>>>

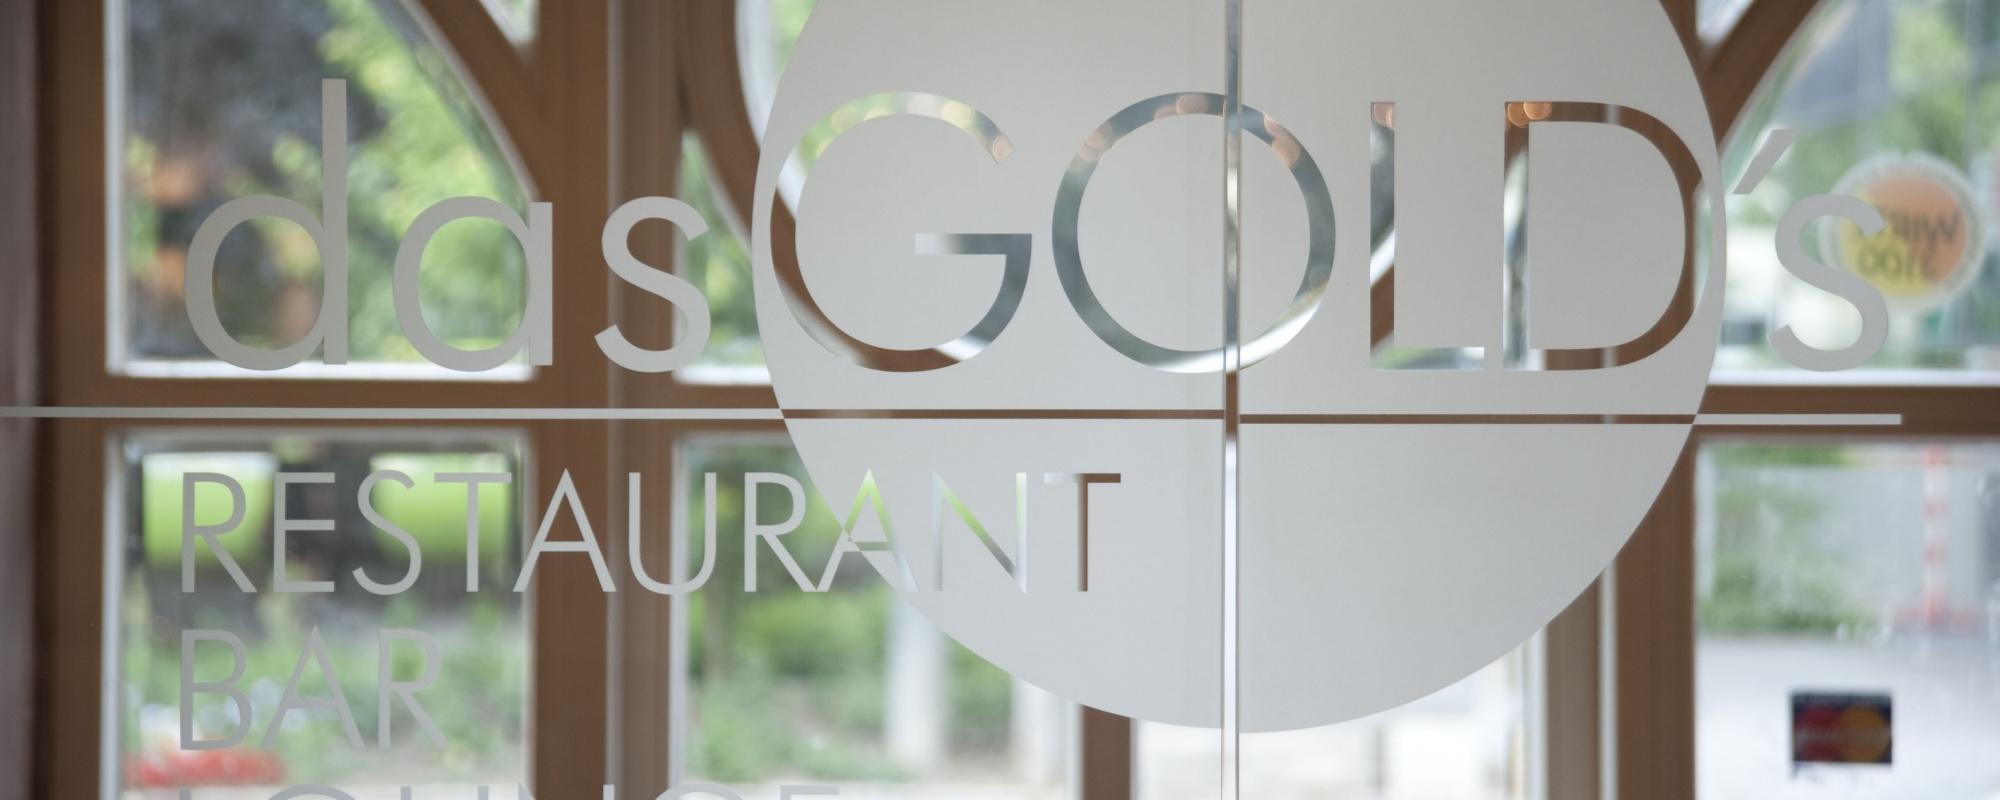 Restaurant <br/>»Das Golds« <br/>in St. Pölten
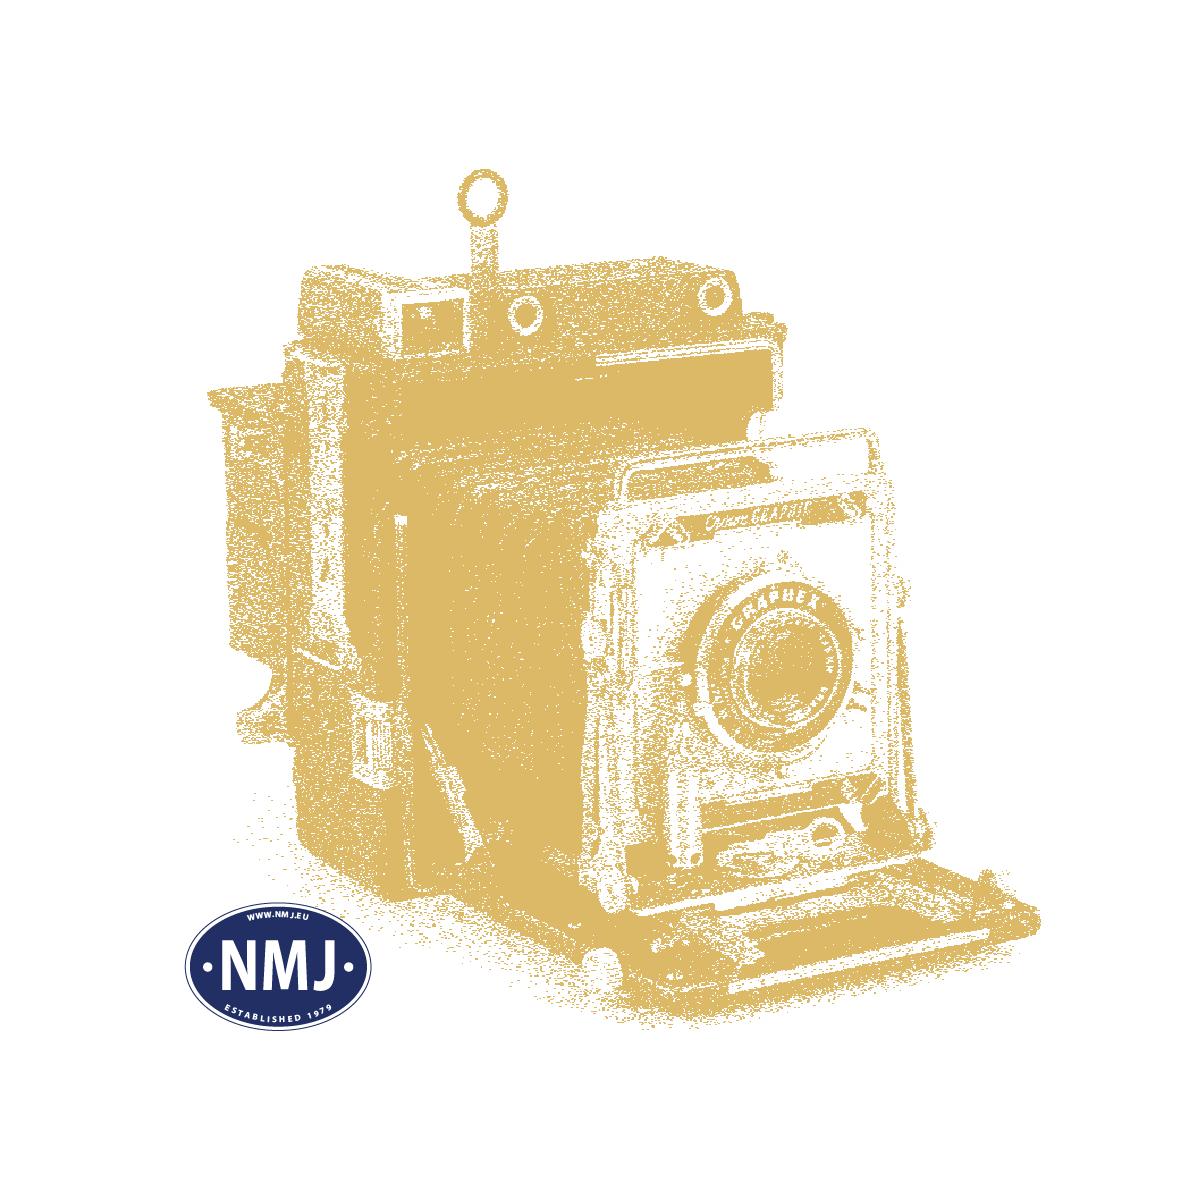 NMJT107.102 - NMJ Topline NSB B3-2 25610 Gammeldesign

<<<
>>>

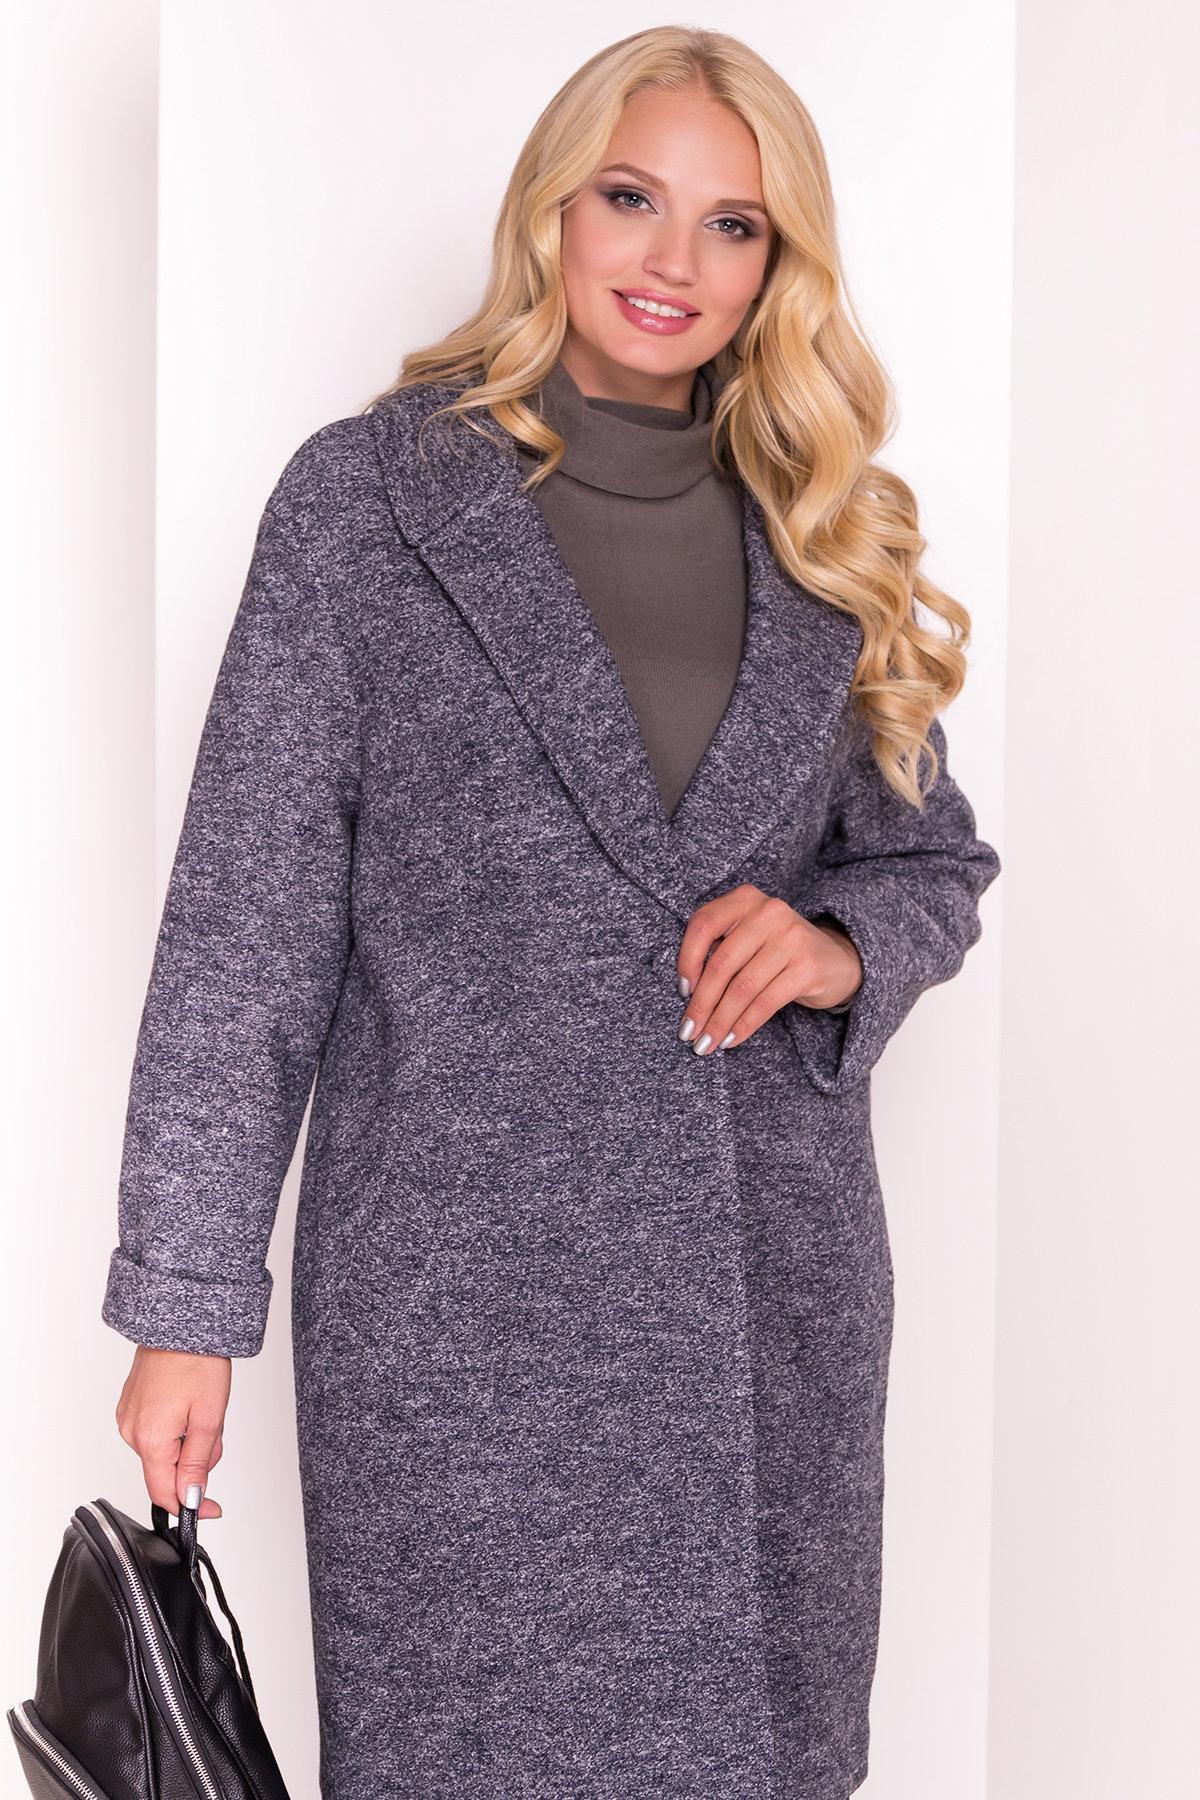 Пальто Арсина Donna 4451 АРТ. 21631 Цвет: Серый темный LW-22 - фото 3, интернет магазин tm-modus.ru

<<<

§ **What to do**
Transcribe, word for word, the stretch of lines in the data above from the one with "<br/>in St. Pölten" through the one with "NMJT107.102 - NMJ"; omit all pictures.

§ **Answer to the problem**
 Restaurant <br/>»Das Golds« <br/>in St. Pölten
 NMJT107.102 - NMJ Topline NSB B3-2 25610 Gammeldesign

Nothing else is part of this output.